陌末突然緊張起來,成功誘敵,接下來的辨認十分關鍵。
當聽到宴公子道:“确是葉蟲。”
她的心猛烈跳動了起來,腦子有一瞬的轟鳴。果然最怕什麽就來什麽。
此前,還能抱有一絲僥幸,至此再也不能自欺欺人。
看似漫長,實則隻是短短一瞬,兩人立刻做出了反應。
陌末回頭沖向山谷,從金葫蘆裏取出早就準備好的油松和一些黑乎乎的不明液體。
她速度極快地沖向了山谷中的怪樹。
此時,怪樹似乎也意識到中計了,竟然停了下來,正好方便了陌末。
沖到跟前,沒有猶豫,陌末把黑乎乎不明液體澆到怪樹身上,同時把油松扔了過去。
兩手同時動作,很快完成了計劃。
在陌末轉身回沖時,宴公子極爲敏捷地上了邊上的一棵大樹,抓着樹上攀附的粗藤蔓橫蕩山谷。

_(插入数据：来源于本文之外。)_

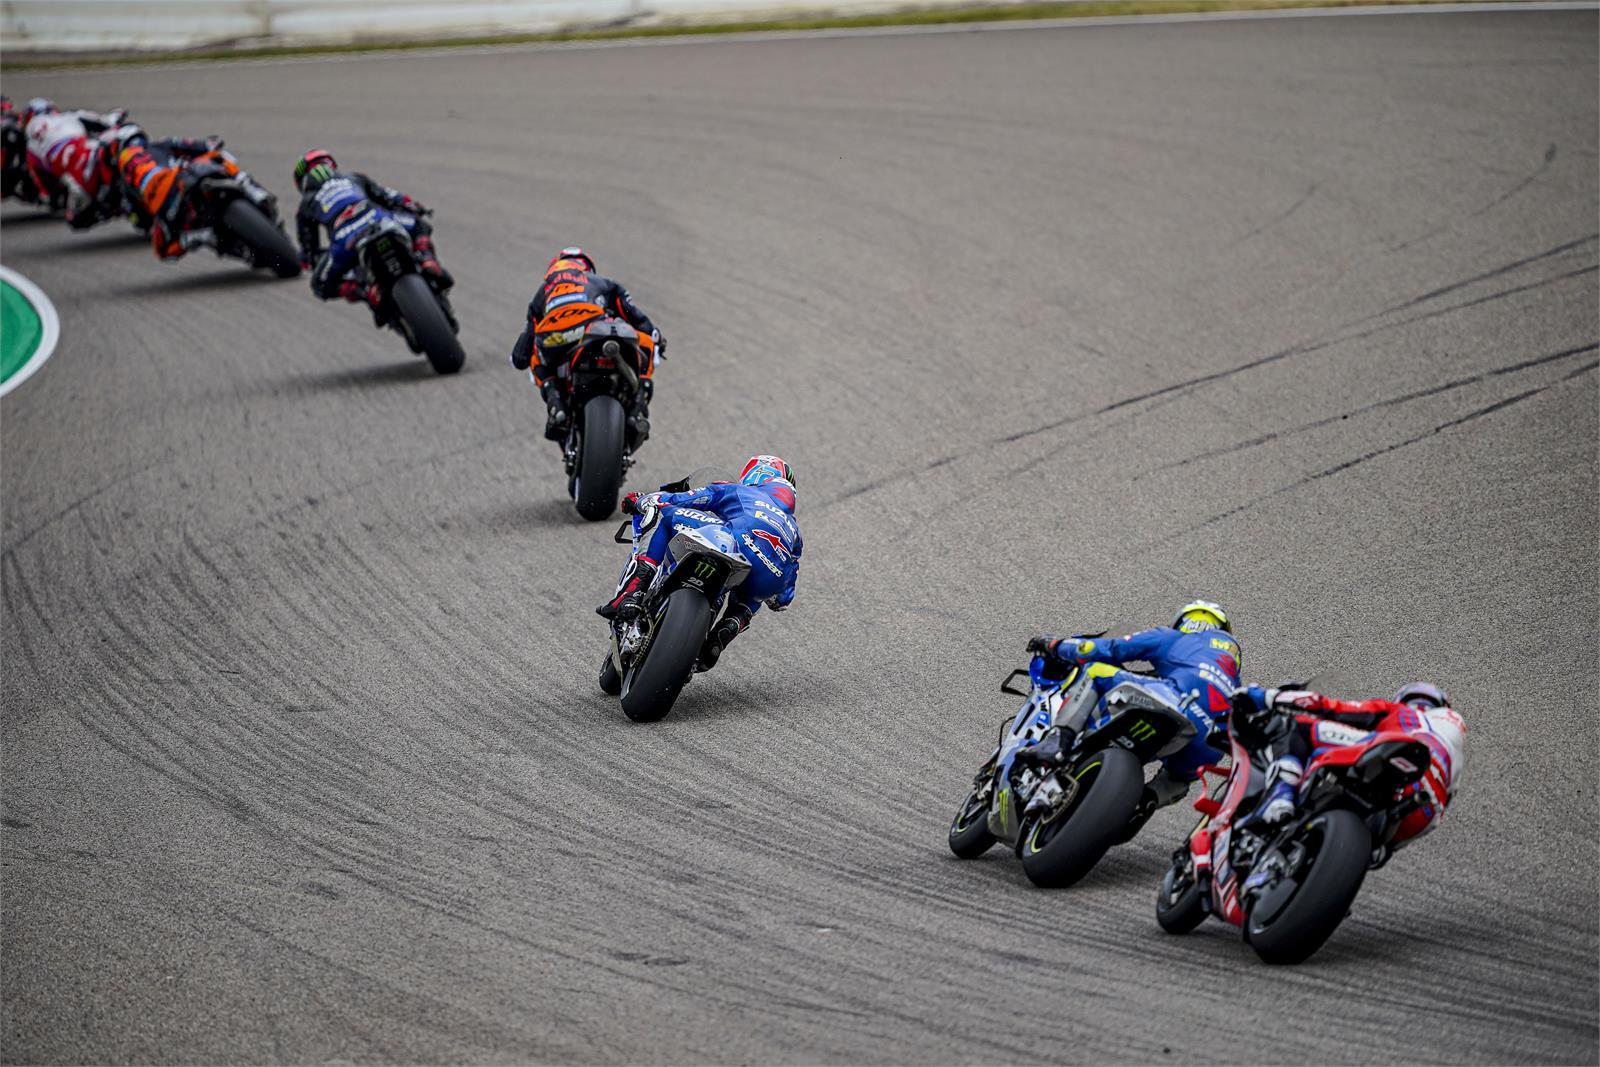 AMERICAS GP BACK ON THE 2021 MotoGP CALENDAR

他手裏隻有黑乎乎的液體,量很足,在越過怪樹時,把液體從上而下倒在了怪樹身上。
被黑液澆了一身的怪樹,看着頗有些滑稽。
在宴公子即将飄過去時,他的手裏扔出帶着火星的東西,觸到黑液時,立刻燃起火焰。
陌末也把早已準備好的火把扔向怪樹。
很快,怪樹燃起了熊熊烈焰,被火勢包裹。
有尖銳的怪叫聲不斷傳來。
那是在火焰的燒灼中,忍受不住的葉蟲發出的慘叫。
整個過程,從葉蟲現身到火焰燃起,隻用了短短幾息時間。兩人全程沒有交流,但卻配合完美。

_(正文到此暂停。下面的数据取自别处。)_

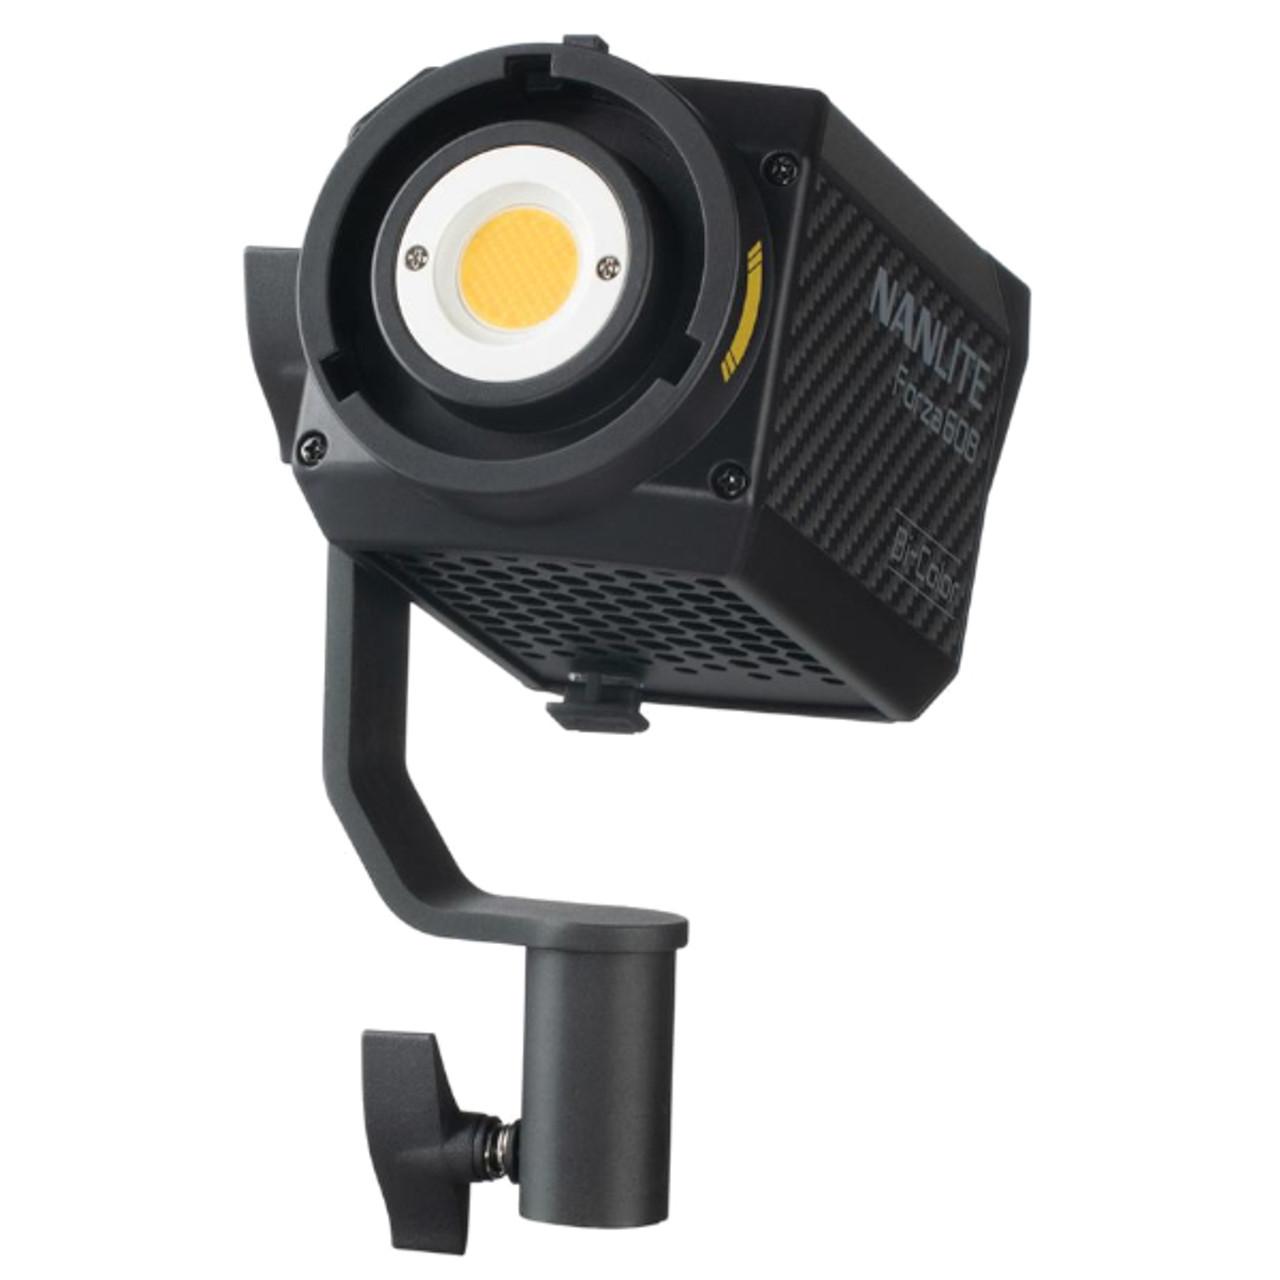 Nanlite Forza 60B Bicolor LED Monolight

在制定計劃時,兩人也不确定此法是否奏效。但總不能坐以待斃,他們要化被動爲主動,盡力一試。
無論成功與否,确認了敵人,也是有所收獲。
此刻看來,用火攻非常有效。
怪樹在熊熊烈焰中倒塌,化爲灰燼。
陌末和宴公子并沒有放松,而是嚴防死守,在不遠處迅速布置隔火帶,忙碌同時關注着中心的烈焰。
一旦發現有葉蟲逃脫,便會立刻采取行動。
這場烈火,并不是普通的火焰,而是能焚燒萬物的黑炎。
黑炎正是剛剛他們投出的黑色液體引燃的,那是宴公子出門時随身攜帶之物,說是防身用的。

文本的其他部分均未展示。